RECORD EXTRACTS Block Start

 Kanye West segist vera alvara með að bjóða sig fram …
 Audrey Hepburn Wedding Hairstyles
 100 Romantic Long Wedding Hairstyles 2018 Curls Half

RECORD EXTRACTS Block End
RECORD EXTRACTS Block Start

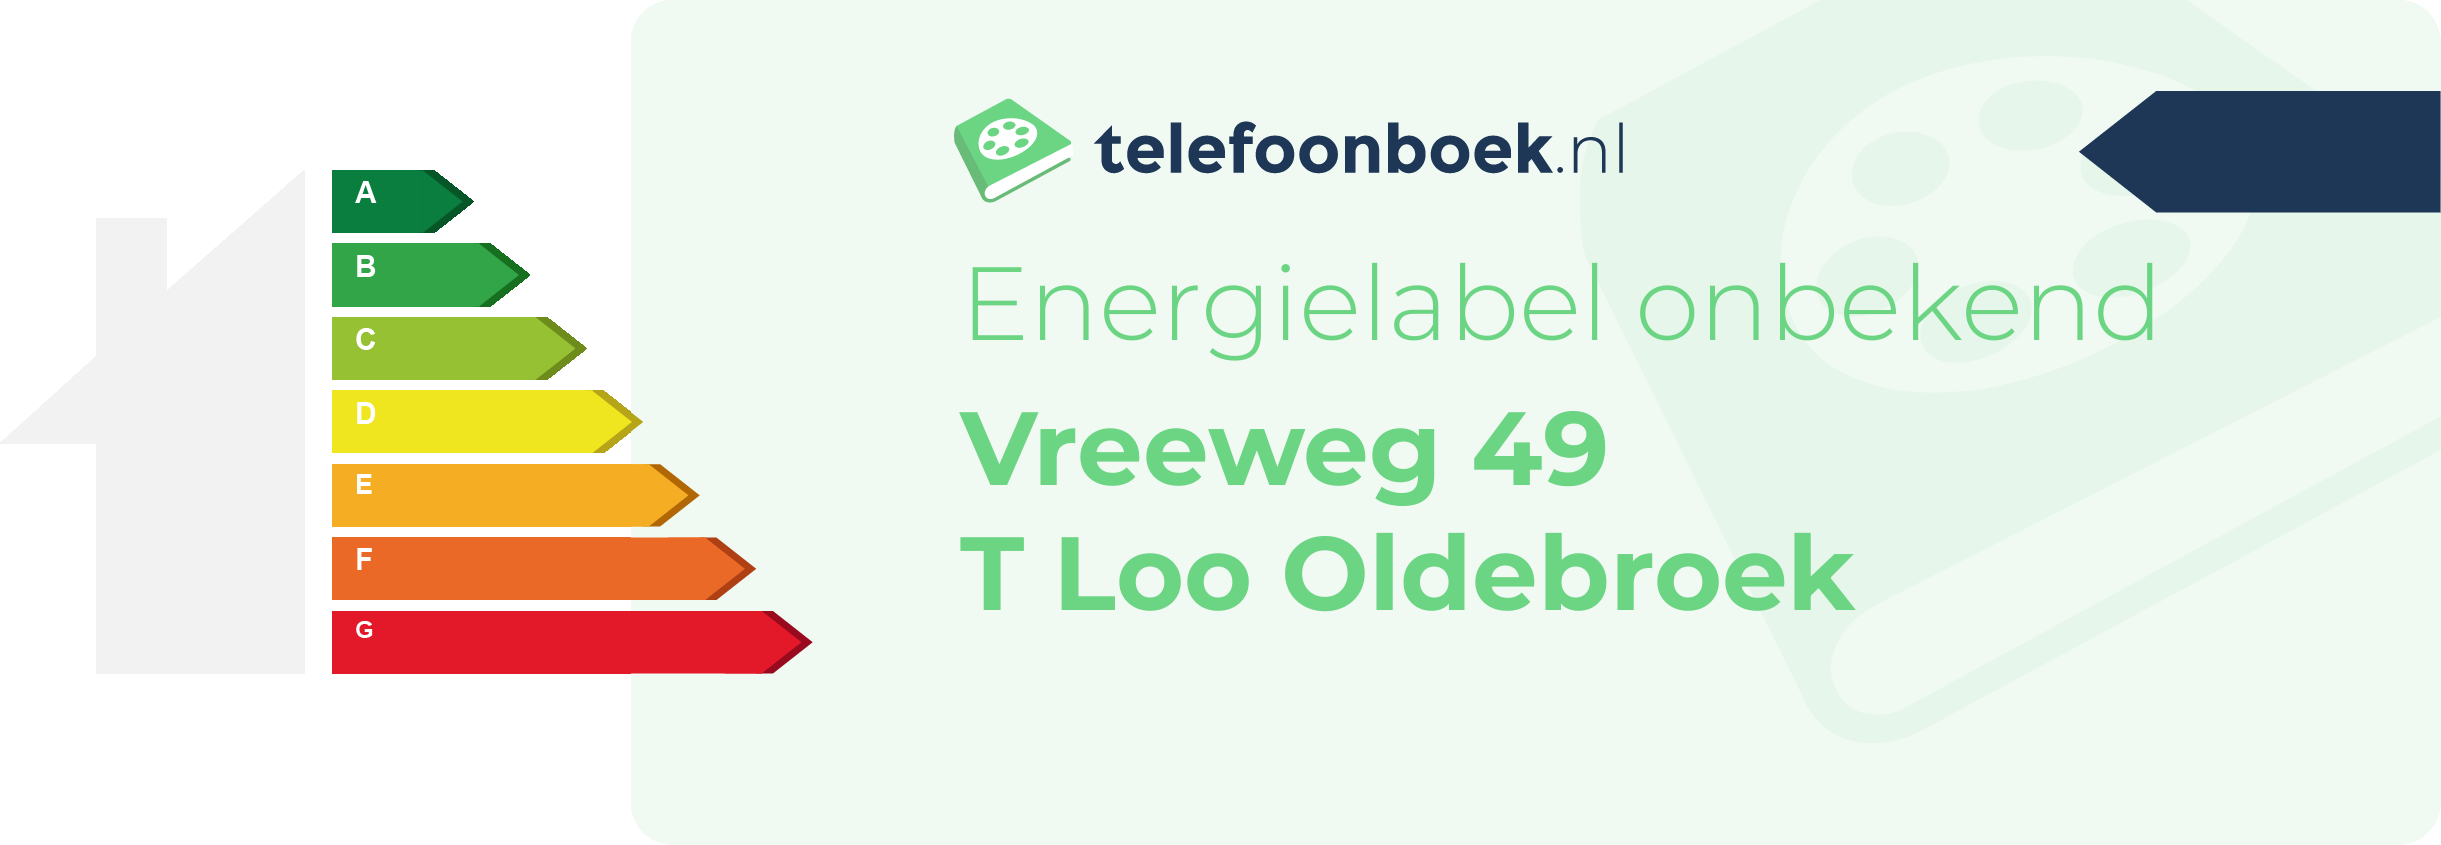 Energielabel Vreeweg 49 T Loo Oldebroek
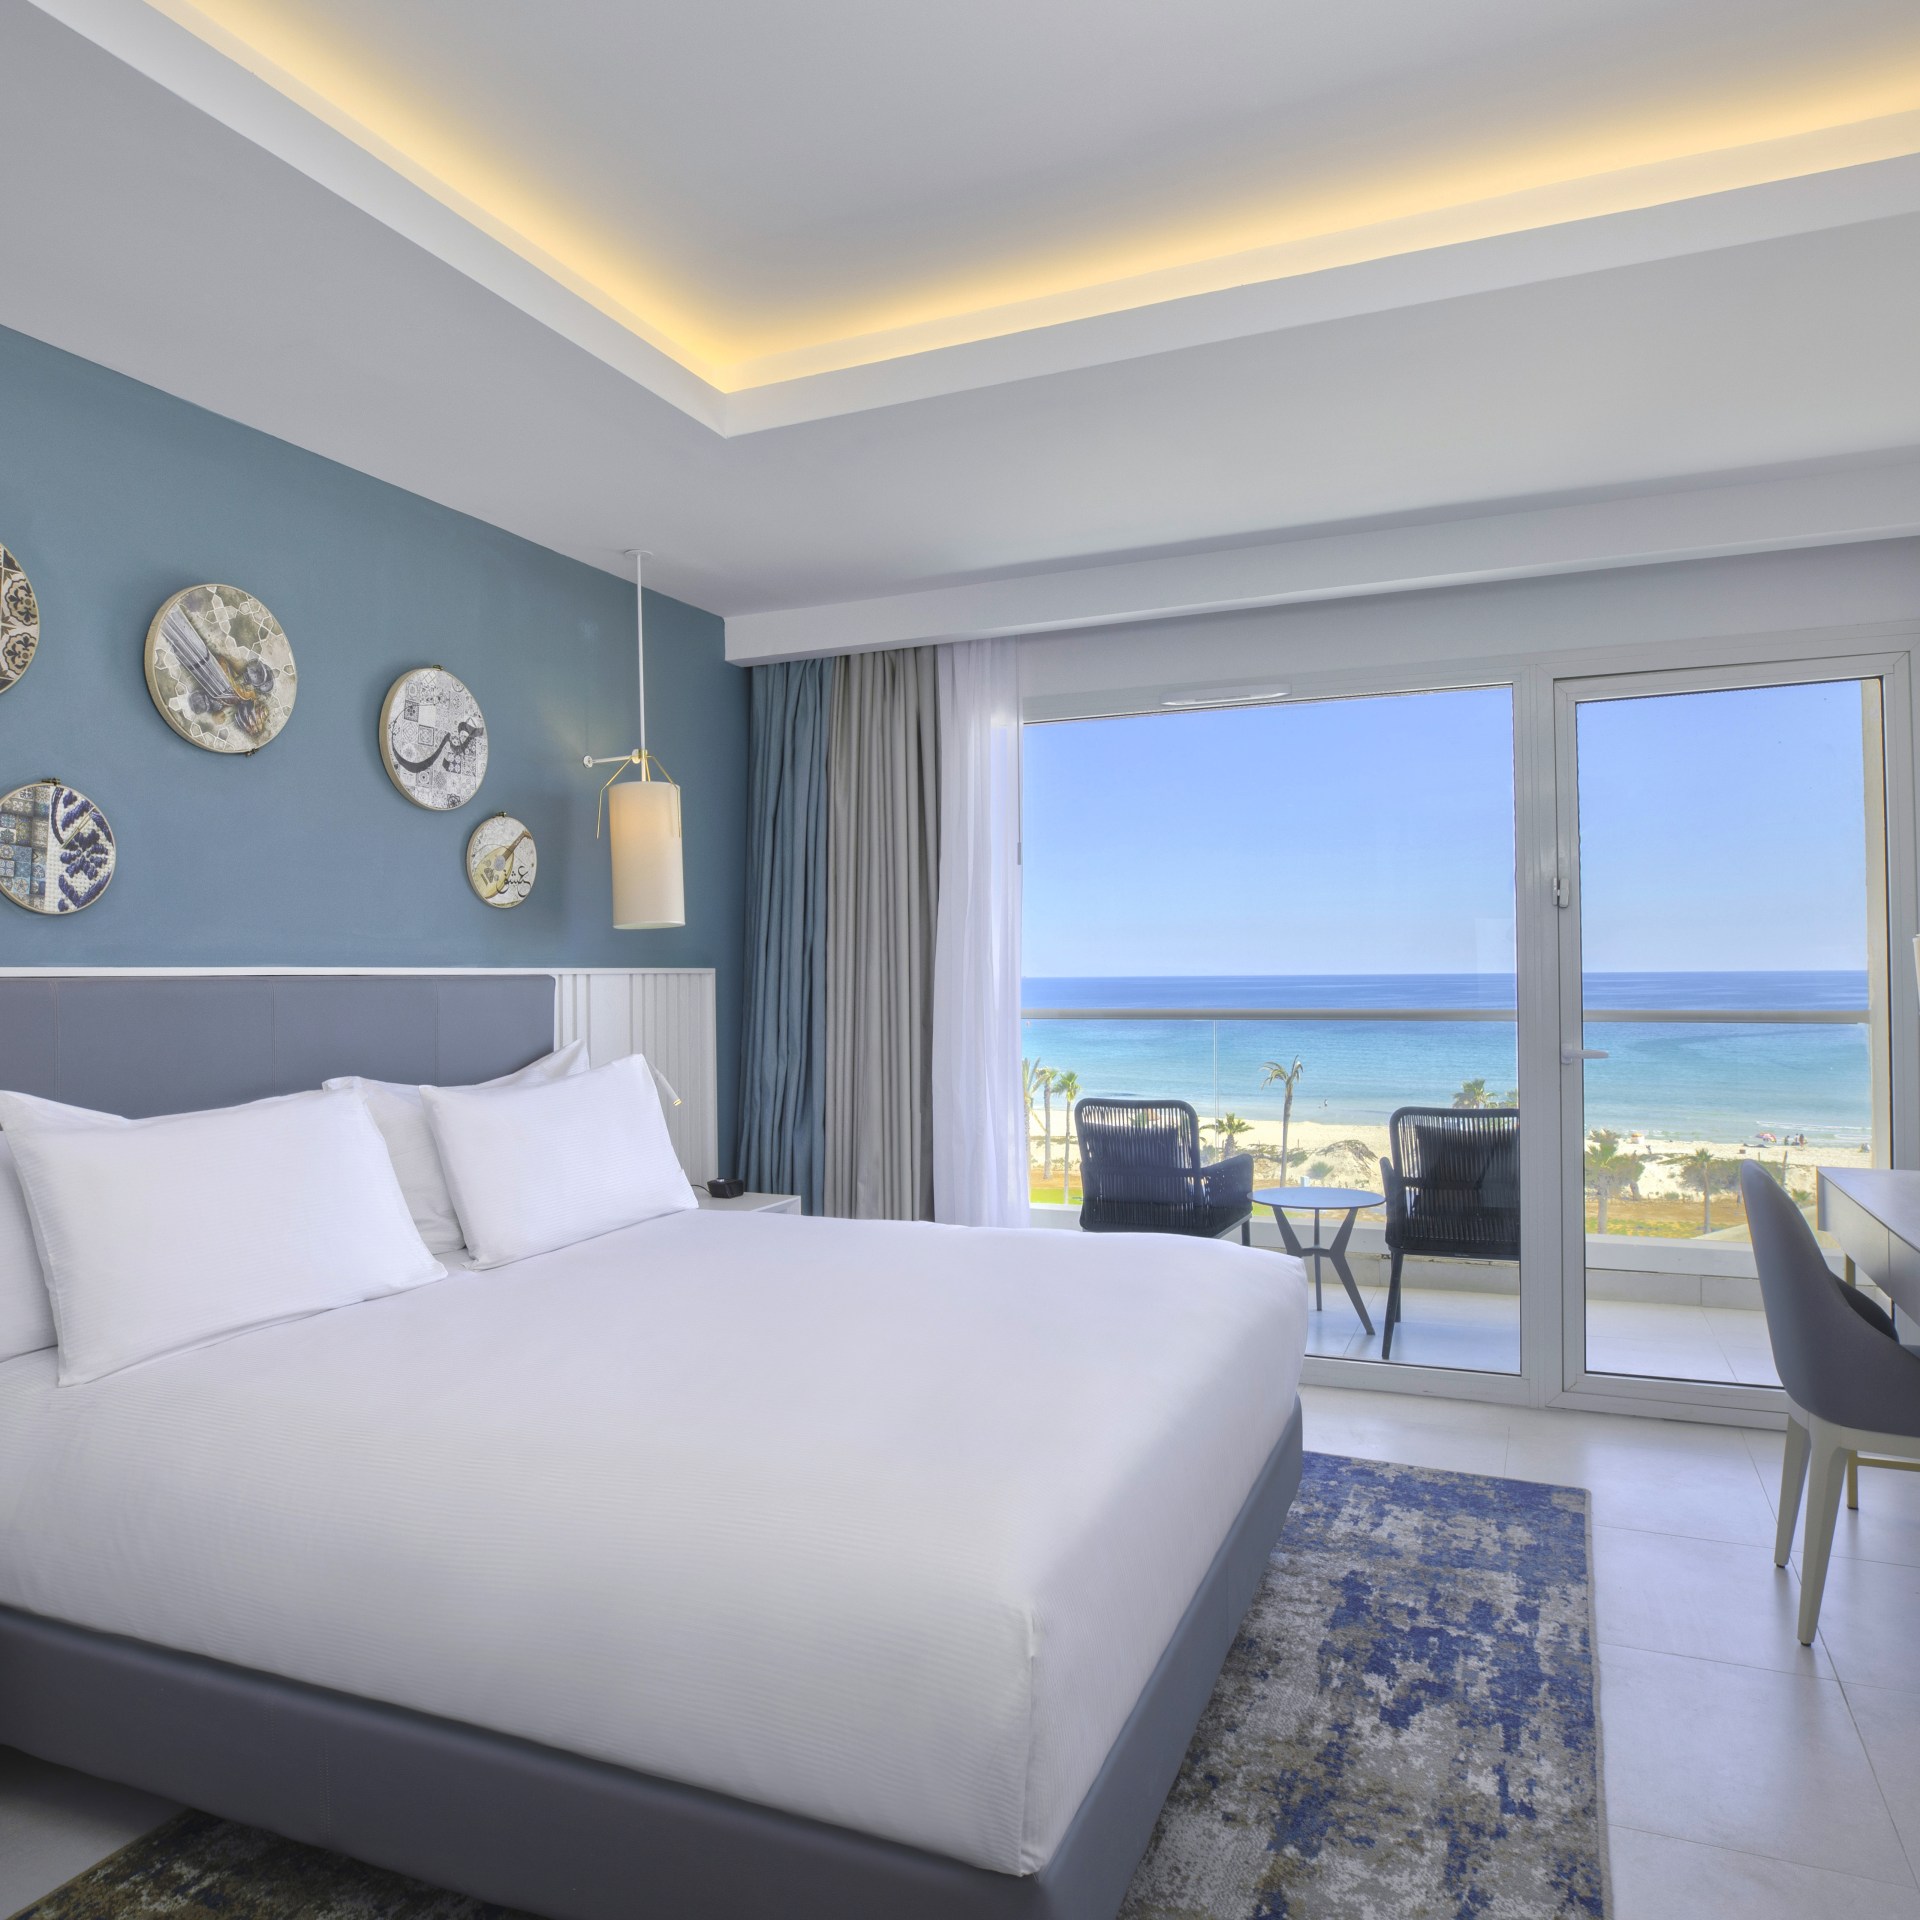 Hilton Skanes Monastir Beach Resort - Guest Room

RECORD EXTRACTS Block End

## [ABOUT THIS EXERCISE]
Starting at the line with "Energielabel Vreeweg 49 T Loo Oldebroek" and finishing at the line with "Hilton Skanes Monastir", copy the material above exactly, both lines included. Nothing else goes in, and no pictures.

## [TASK RESULT]
 Energielabel Vreeweg 49 T Loo Oldebroek
 Hilton Skanes Monastir Beach Resort - Guest Room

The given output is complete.